Gas hydrate is a common component of sediments along continental margins and in Arctic regions where elevated pressures and low temperatures are present.

Hydrate concentrates natural gas so that the dissociation of a cubic foot of hydrate yields approximately 164 cubic feet of gas and 0.8 cubic foot of water. Hydrate may be present in either sands or shales, but hydrate-bearing sands are of particular industry interest as the hydrate is concentrated in the pore space of coarse sediments and thus has the best potential for commercial extraction.

While hydrate-bearing sands contain only a small fraction of the global hydrate volume, their resource potential is estimated to be in the many thousands of Tcf (figure 1).

Research programs undertaken in the Gulf of Mexico, the North Slope of Alaska, Canada, Japan and Korea have confirmed the presence of hydrate-bearing sands and have validated predictive models for hydrate exploration. This was abundantly demonstrated with the results of a Gulf of Mexico drilling and logging program undertaken by a consortium led by Chevron and the U.S. Department of Energy in April and May of 2009. The 21-day program drilled seven holes at three sites (Green Canyon 955, Walker Ridge 313 and Alaminos Canyon 21), representing a variety of geologic settings and a range of predicted hydrate saturations. LWD logging confirmed multiple hydrate accumulations and demonstrated the ability of direct detection techniques.

Additional field operations are being planned for the Gulf of Mexico, and South Korea was expected to conduct its second hydrate drilling program in April.

A gas hydrate assessment released by the U.S. Minerals Management Service in 2008 determined a mean estimate of 6,710 Tcf occurring in sand reservoirs, and a 2009 assessment released by the U.S. Geological Survey determined a mean estimate of 85.4 Tcf technically recoverable from sand reservoirs on the North Slope of Alaska.

Methods for converting the solid hydrate to its component natural gas and water include depressurization, thermal stimulation and dissolution. All of these methods have technical and economic issues, along with safety and environmental concerns.

An intriguing additional concept for gas hydrate development is the possibility of CO2exchange as a means of production, with CO2 injected into a methane hydrate reservoir, resulting in the production of methane gas and the long-term sequestration of the CO2 as hydrate.

Short-term hydrate production tests were conducted in Canada and Alaska from 2002 through 2007 and have demonstrated that natural gas can, in fact, be produced from hydrate-bearing sands. These tests provided data for computer models on the response of hydrate-bearing sands to depressurization and thermal stimulation, but as designed could not produce natural gas at rates that would draw industry interest.


The question remains: Can sustained natural gas production be achieved at commercial rates from hydrate-bearing sands?

Further, are there safety and environmental issues that need to be addressed before hydrate development can proceed?

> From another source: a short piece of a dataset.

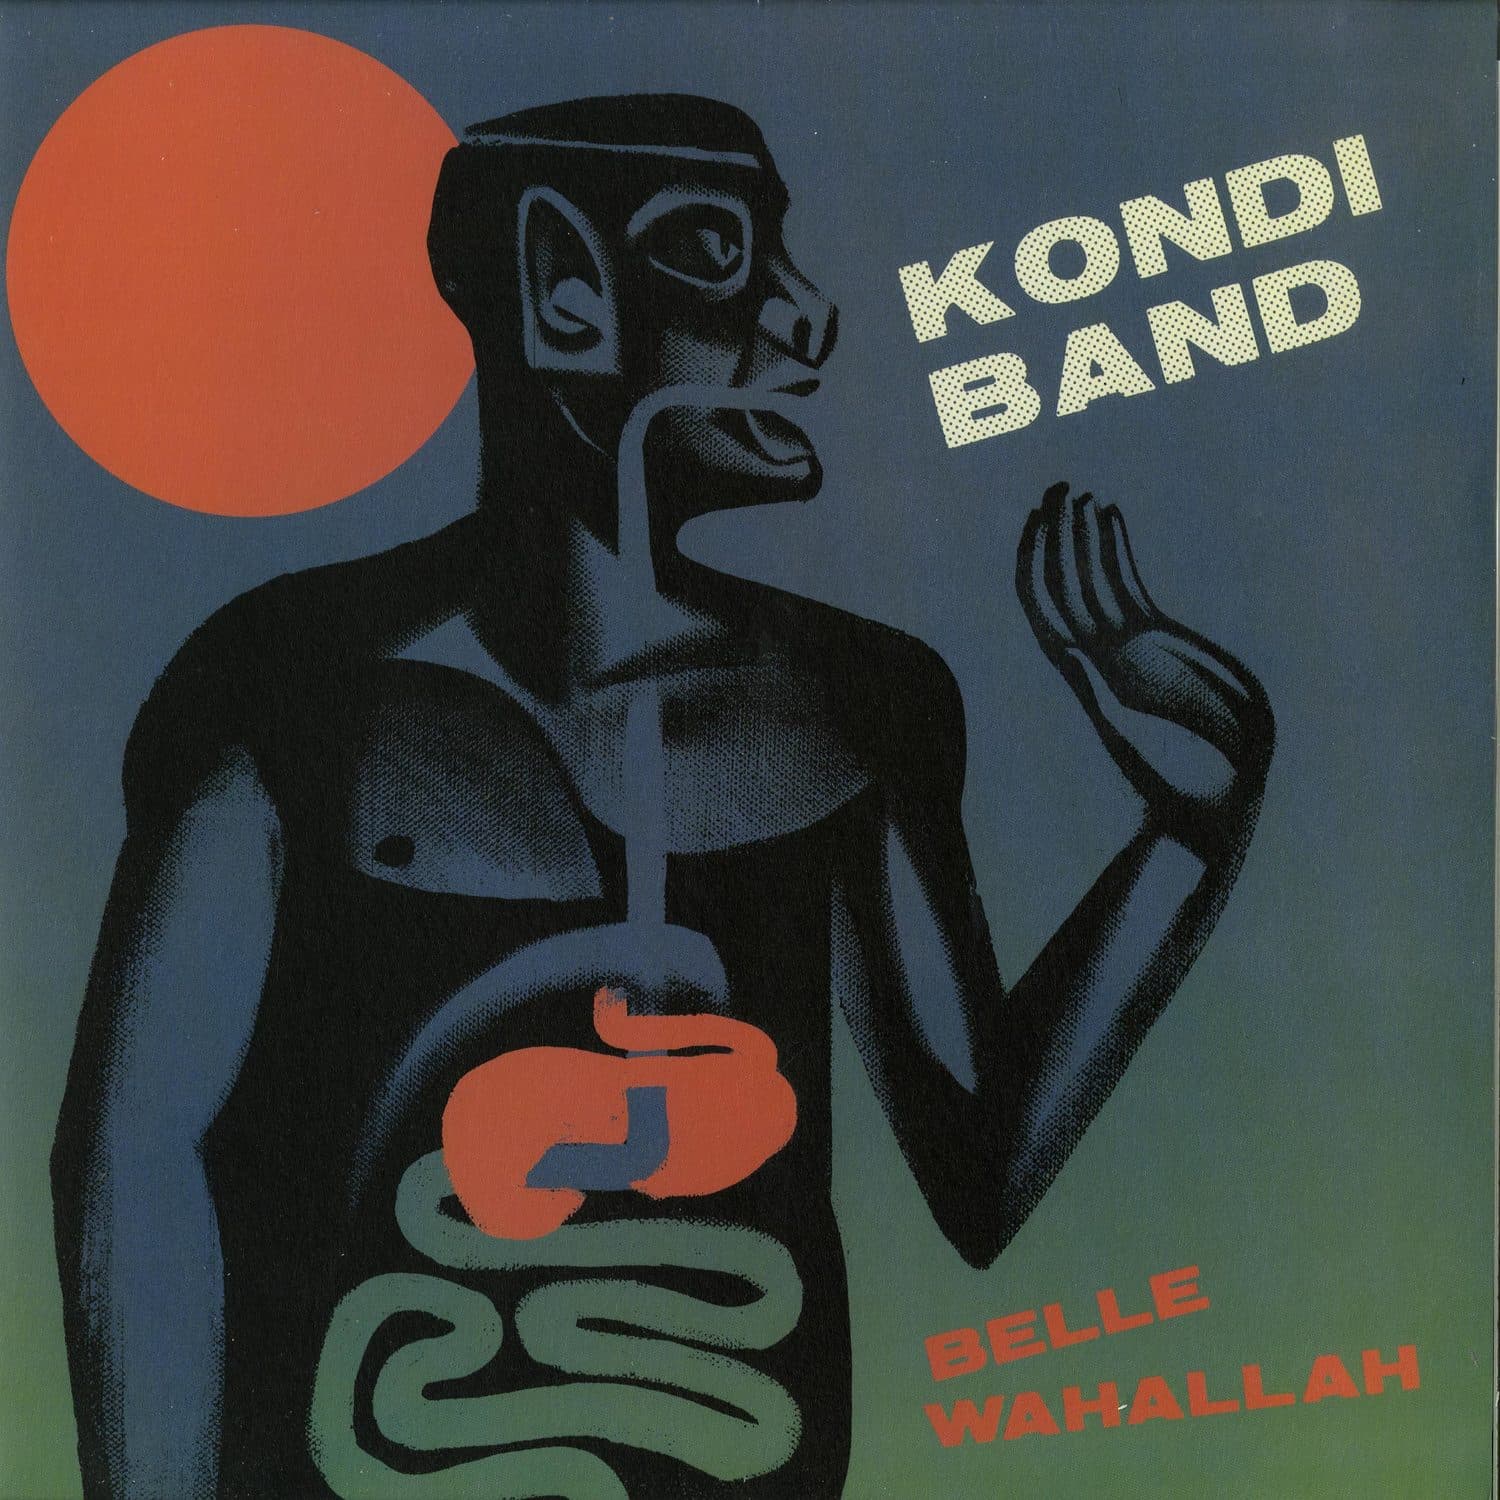 Kondi Band - BELLE WAHALLAH EP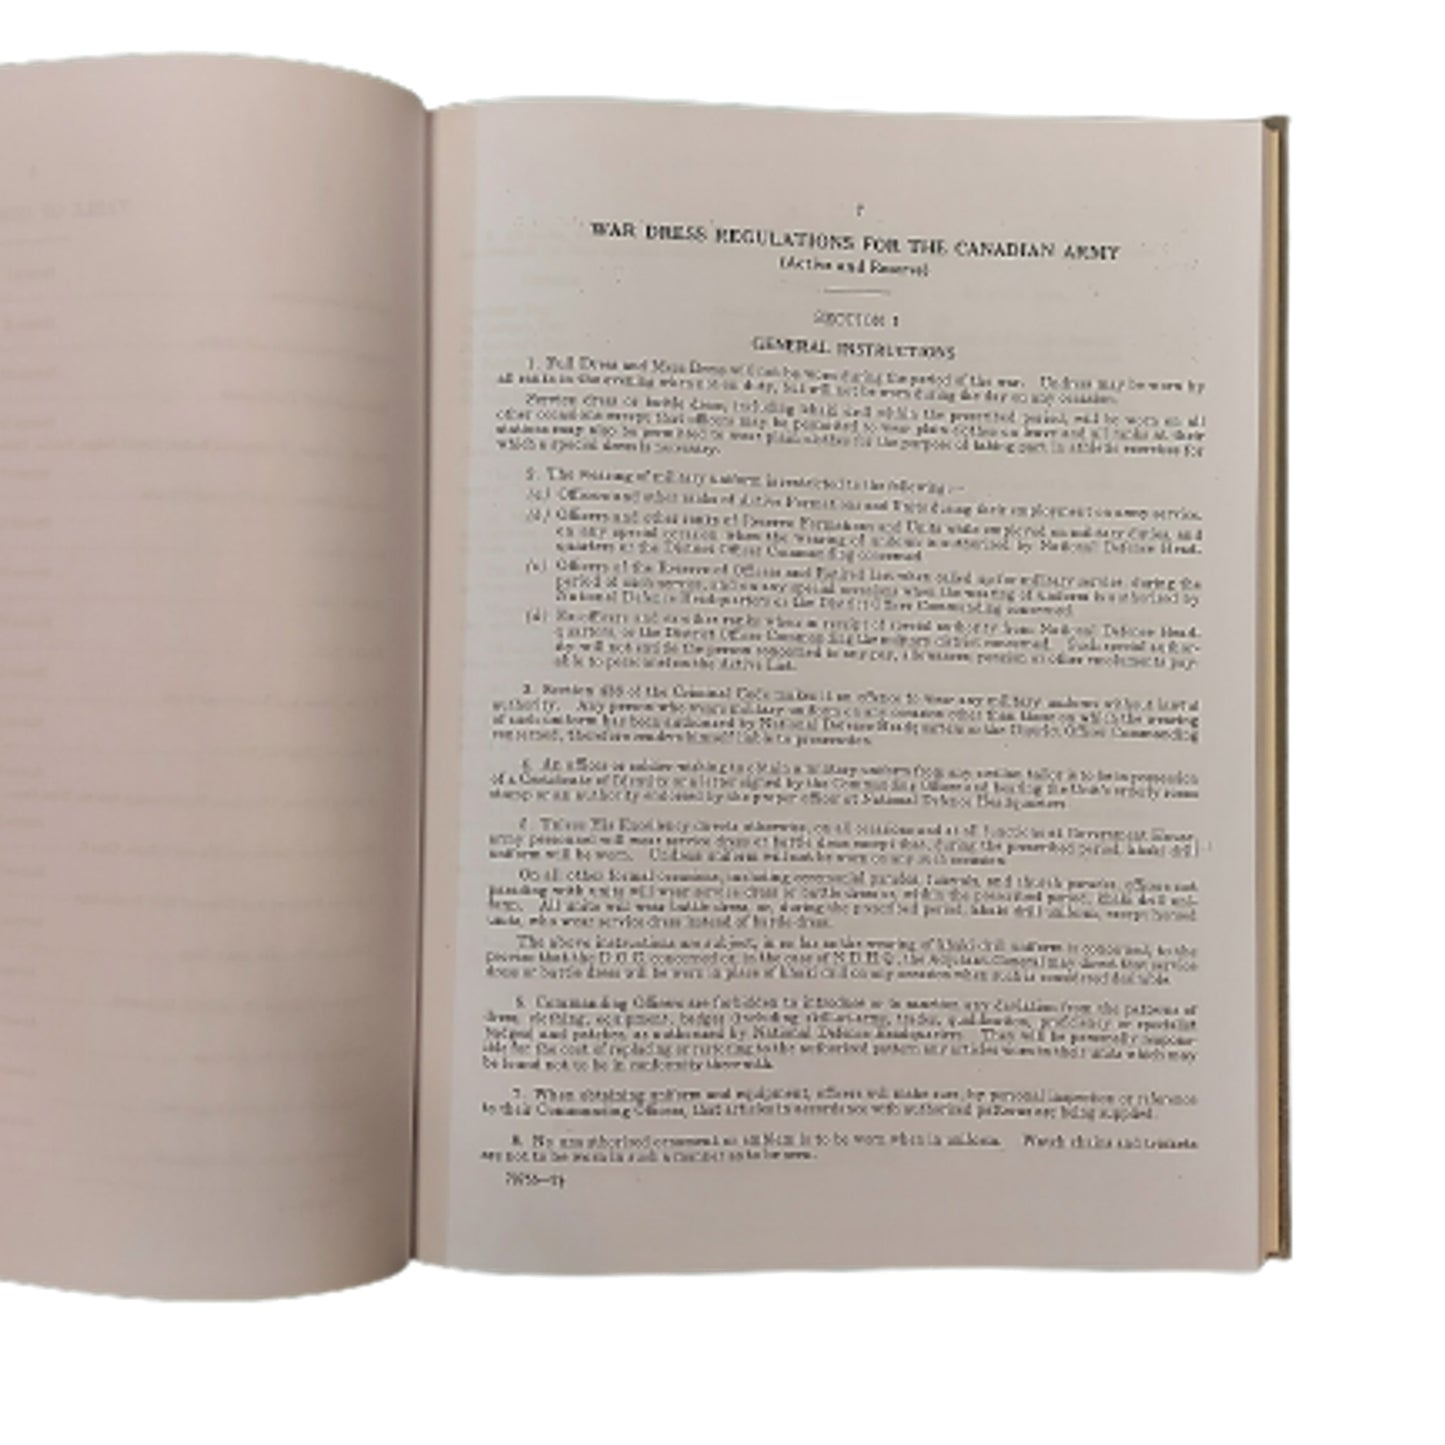 1943 Dress Regulations Service Publications - Reprint of Original

Those questions will be addressed in early 2011 as BP Alaska Exploration and its partners on the North Slope undertake a long-term, industry-scale production test at Prudhoe Bay field. This program has substantial funding from the U.S. Department of Energy and has benefited from the technical support received from the USGS and numerous service companies and academic institutions.

With success from the Prudhoe Bay test, Japan plans an offshore hydrate production test as early as 2012. ConocoPhillips and the Department of Energy also are designing a field program for a test of the CO2 exchange technology on Alaska’s North Slope.

As gas hydrate moves toward commercial development, the Energy Minerals Division and its Gas Hydrate Committee are actively working to keep AAPG members informed of ongoing developments. AAPG Memoir 89, “Natural Gas Hydrates – Energy Resource Potential and Associated Geologic Hazards,” containing 39 papers that include all aspects of gas hydrates in nature, was released in January and is available online at EMD’s Gas Hydrates page and at the AAPG Bookstore.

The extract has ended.